Re: [PATCH 0/2] x86/kvm: Force legacy PCI hole as WB under SNP/TDX

"Edgecombe, Rick P" <rick.p.edgecombe@xxxxxxxxx> · Wed, 5 Feb 2025 03:51:00 +0000

+Min, can you comment?

3a3b12cbda ("UefiCpuPkg/MtrrLib: MtrrLibIsMtrrSupported always return FALSE in
TD-Guest") turned out to be problematic in practice.

Full thread:
https://lore.kernel.org/kvm/20250201005048.657470-1-seanjc@xxxxxxxxxx/

On Mon, 2025-02-03 at 16:27 -0800, Sean Christopherson wrote:
> On Mon, Feb 03, 2025, Rick P Edgecombe wrote:
> > On Mon, 2025-02-03 at 12:33 -0800, Sean Christopherson wrote:
> > > > Since there is no upstream KVM TDX support yet, why isn't it an option to
> > > > still
> > > > revert the EDKII commit too? It was a relatively recent change.
> > > 
> > > I'm fine with that route too, but it too is a band-aid.  Relying on the
> > > *untrusted*
> > > hypervisor to essentially communicate memory maps is not a winning strategy. 
> > > 
> > > > To me it seems that the normal KVM MTRR support is not ideal, because it is
> > > > still lying about what it is doing. For example, in the past there was an
> > > > attempt to use UC to prevent speculative execution accesses to sensitive
> > > > data.
> > > > The KVM MTRR support only happens to work with existing guests, but not all
> > > > possible MTRR usages.
> > > > 
> > > > Since diverging from the architecture creates loose ends like that, we could
> > > > instead define some other way for EDKII to communicate the ranges to the
> > > > kernel.
> > > > Like some simple KVM PV MSRs that are for communication only, and not
> > > 
> > > Hard "no" to any PV solution.  This isn't KVM specific, and as above, bouncing
> > > through the hypervisor to communicate information within the guest is asinine,
> > > especially for CoCo VMs.
> > 
> > Hmm, right.
> > 
> > So the other options could be:
> > 
> > 1. Some TDX module feature to hold the ranges:
> >  - Con: Not shared with AMD
> > 
> > 2. Re-use MTRRs for the communication, revert changes in guest and edk2:
> 
> Thinking more about how EDK2 is consumed downstream, I think reverting the EDK2
> changes is necessary regardless of what happens in the kernel.  Or at the least,
> somehow communicate to EDK2 users that ingesting those changes is a bad idea
> unless the kernel has also been updated.
> 
> AFAIK, Bring Your Own Firmware[*] isn't widely adopted, which means that the CSP
> is shipping the firmware.  And shipping OVMF/EDK2 with the "ignores MTRRs" code
> will cause problems for guests without commit 8e690b817e38 ("x86/kvm: Override
> default caching mode for SEV-SNP and TDX").  Since the host doesn't control the
> guest kernel, there's no way to know if deploying those EDK2 changes is safe.
>  
> [*] https://kvm-forum.qemu.org/2024/BYOF_-_KVM_Forum_2024_iWTioIP.pdf
> 

Hmm. Since there is no upstream TDX KVM support, for it's part, I guess KVM
should still get a chance to define a cleaner solution (if there actually was a
cleaner solution). But yea, it would mean only components from after the
solution was settled could be used together for a fully working stack. And
it should probably be called out somehow. Maybe could be in the KVM TDX docs or
something.

Still seems like a thing to avoid if possible.
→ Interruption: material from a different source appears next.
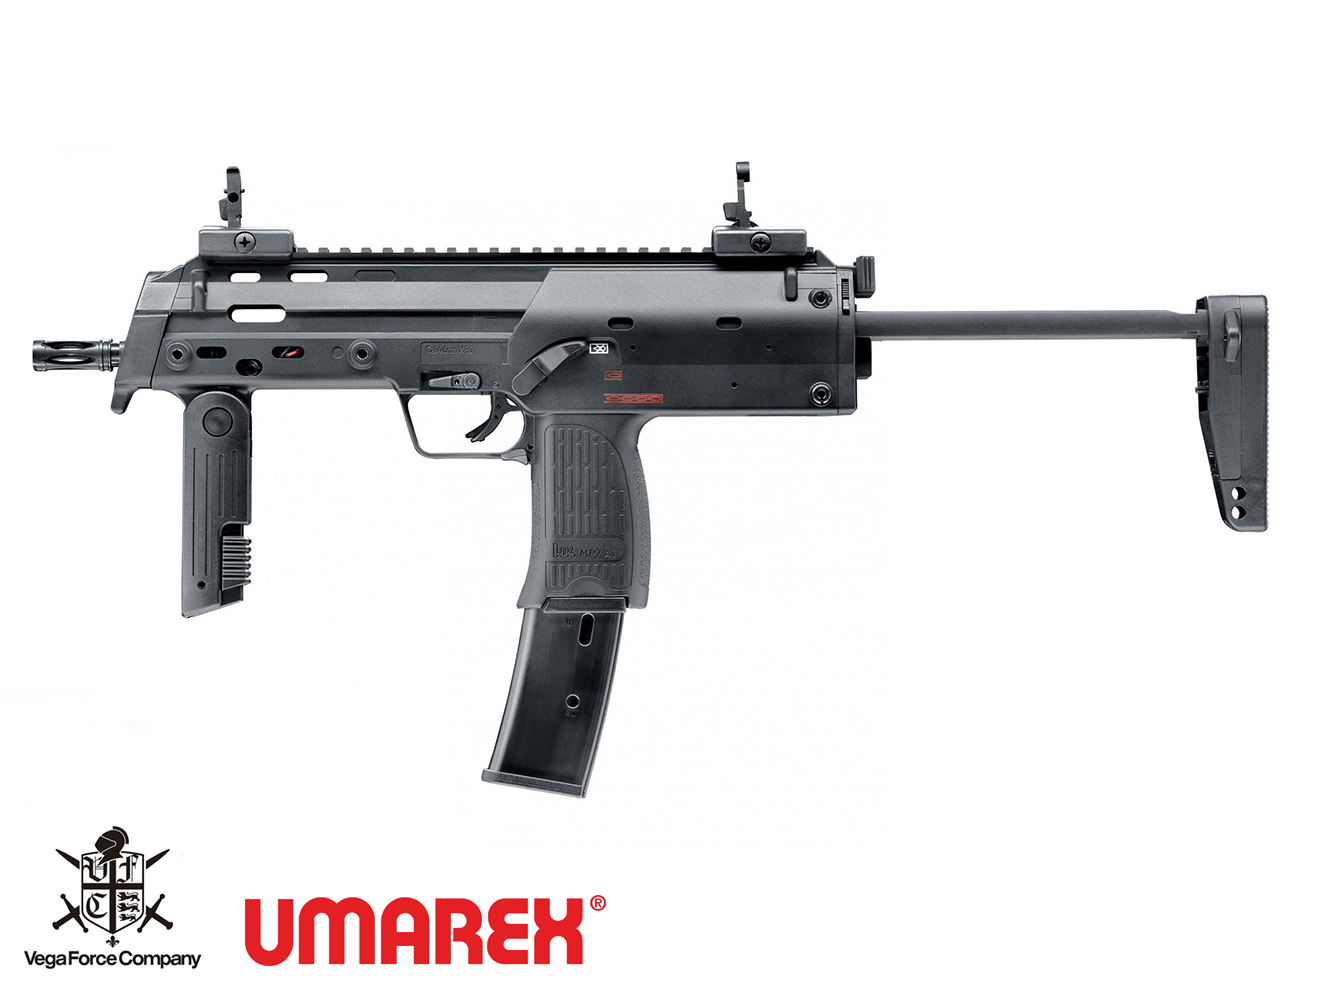 VFC/Umarex 電動サブマシンガン MP7A1 NewGeneration◆電動ガン/SMG/新型/電子トリガー/FET/正式ライセンス/JPVer/フルサイズ

> >  - Con: Creating more half support, when it's technically not required
> >  - Con: Still bouncing through the hypervisor
> 
> I assume by "Re-use MTRRs for the communication" you also mean updating the guest
> to address the "everything is UC!" flaw, otherwise another con is:
> 
>    - Con: Doesn't address the performance issue with TDX guests "using" UC
>           memory by default (unless there's yet more enabled).
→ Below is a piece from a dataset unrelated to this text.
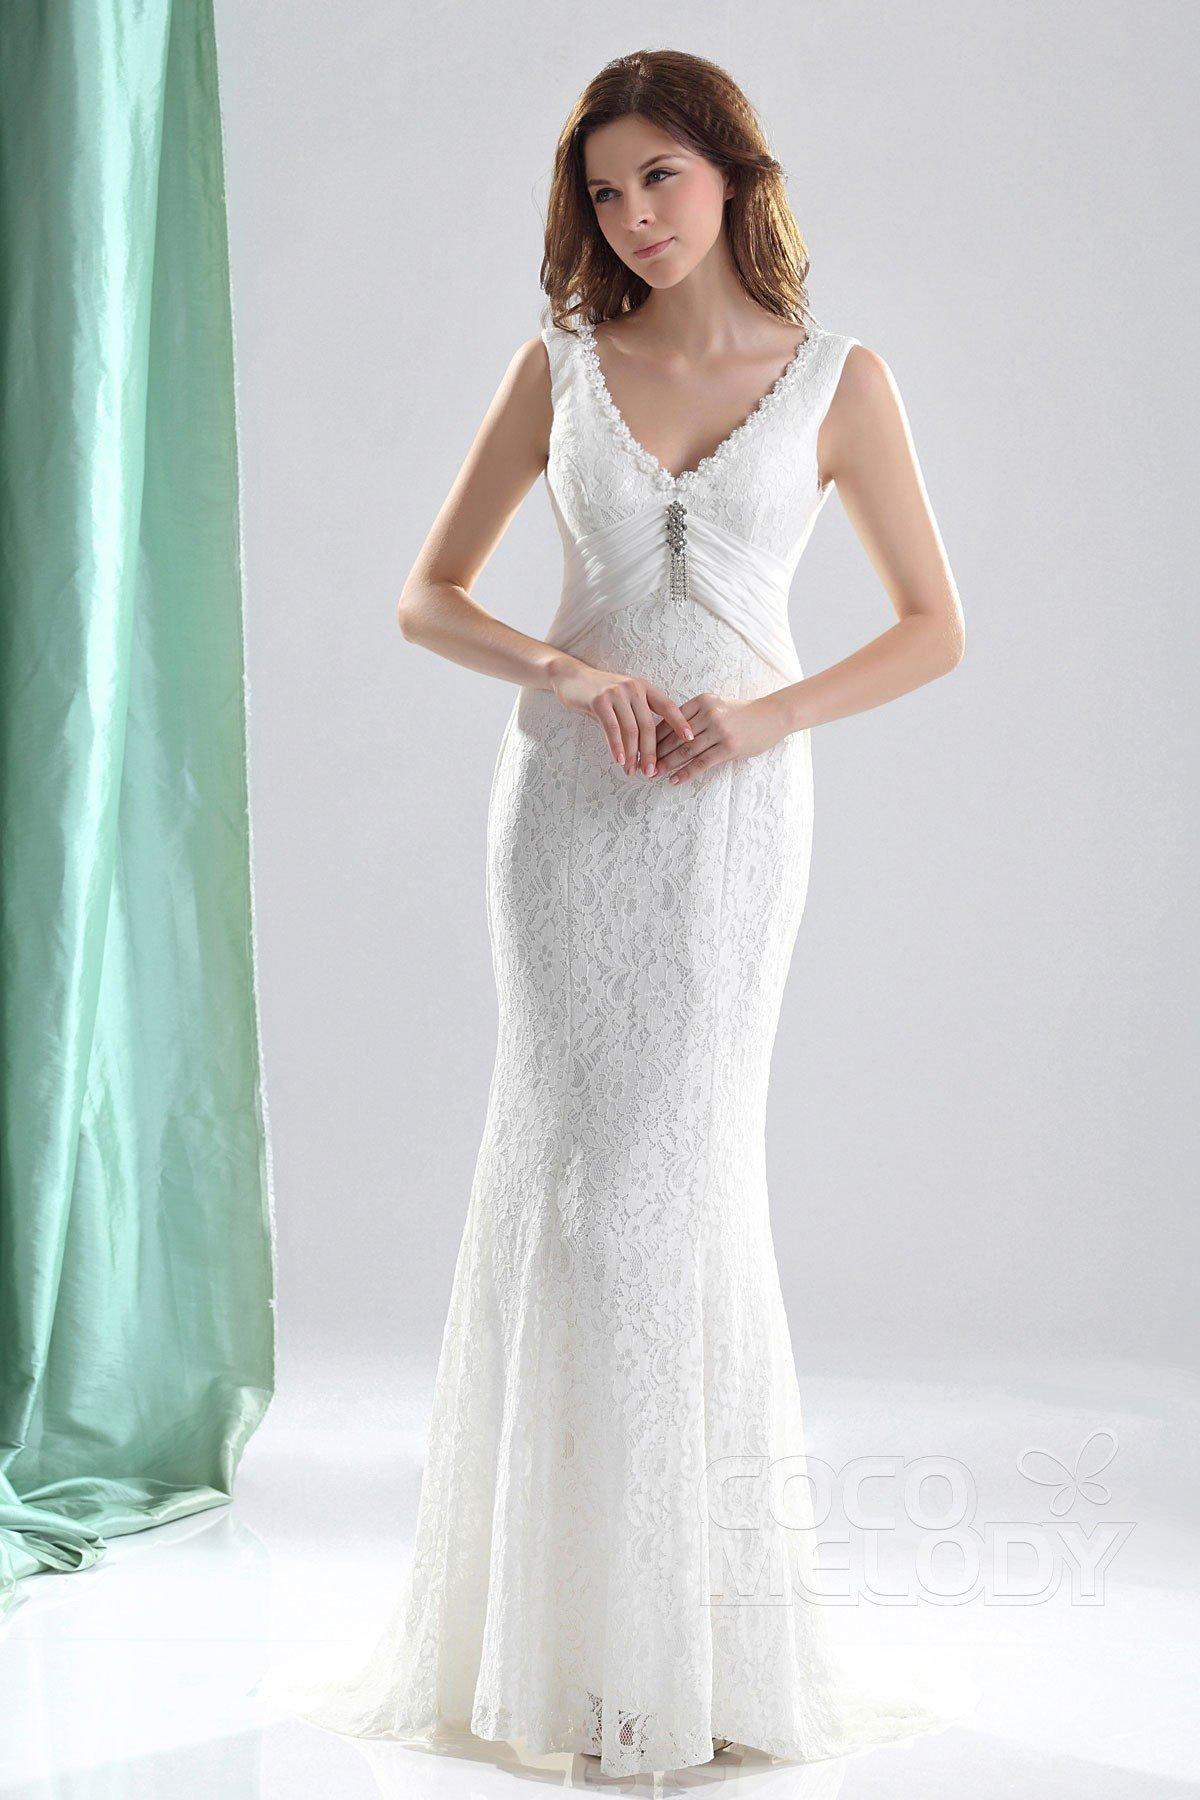 Sheath-Column Train Lace Wedding Dress CWLT13052 | Cocomelody

Hmm. This is quite the tangled corner.

> 
> Presumably that can be accomplished by simply skipping the CR0.CD toggling, and
> doing MTRR stuff as nonrmal?

I'll have to get back to you on this one. Kirill probably could give a better
answer, but likely will not be able to follow up on this thread until next week.

> 
> >  - Pro: Design and code is clear
> > 
> > 3. Create some new architectural definition, like a bit that means "MTRRs don't
> > actually work:
> >  - Con: Takes a long time, need to get agreement
> >  - Con: Still bouncing through the hypervisor
> 
> Not for KVM guests.  As I laid out in my bug report, it's safe to assume MTRRs
> don't actually affect the memory type when running under KVM.
> 
> FWIW, PAT doesn't "work" on most KVM Intel setups either, because of misguided
> KVM code that resulted in "Ignore Guest PAT" being set in all EPTEs for the
> overwhelming majority of guests.  That's not desirable long term because it
> prevents the guest from using WC (via PAT) in situations where doing so is needed
> for performance and/or correctness.
> 
> >  - Pro: More pure solution
> 
> MTRRs "not working" is a red herring.  The problem isn't that MTRRs don't work,
> it's that the kernel is (somewhat unknowingly) using MTRRs as a crutch to get the
> desired memtype for devices.  E.g. for emulated MMIO, MTRRs _can't_ be virtualized,
> because there's never a valid mapping, i.e. there is no physical memory and thus
> no memtype.  In other words, under KVM guests (and possibly other hypervisors),
> MTRRs end up being nothing more than a communication channel between guest firmware
> and the kernel.

Yea.

> 
> The gap for CoCo VMs is that using MTRRs is undesirable because they are controlled
> by the untrusted host.  But that's largely a future problem, unless someone has a
> clever way to fix the kernel mess.
> 
> 

Yea, I wondered about that too. I imagine the thinking was that since it is only
controlling shared memory, it can be untrusted.

And I guess the solution in this patchset is hypothetically a bit more locked
down in that respect.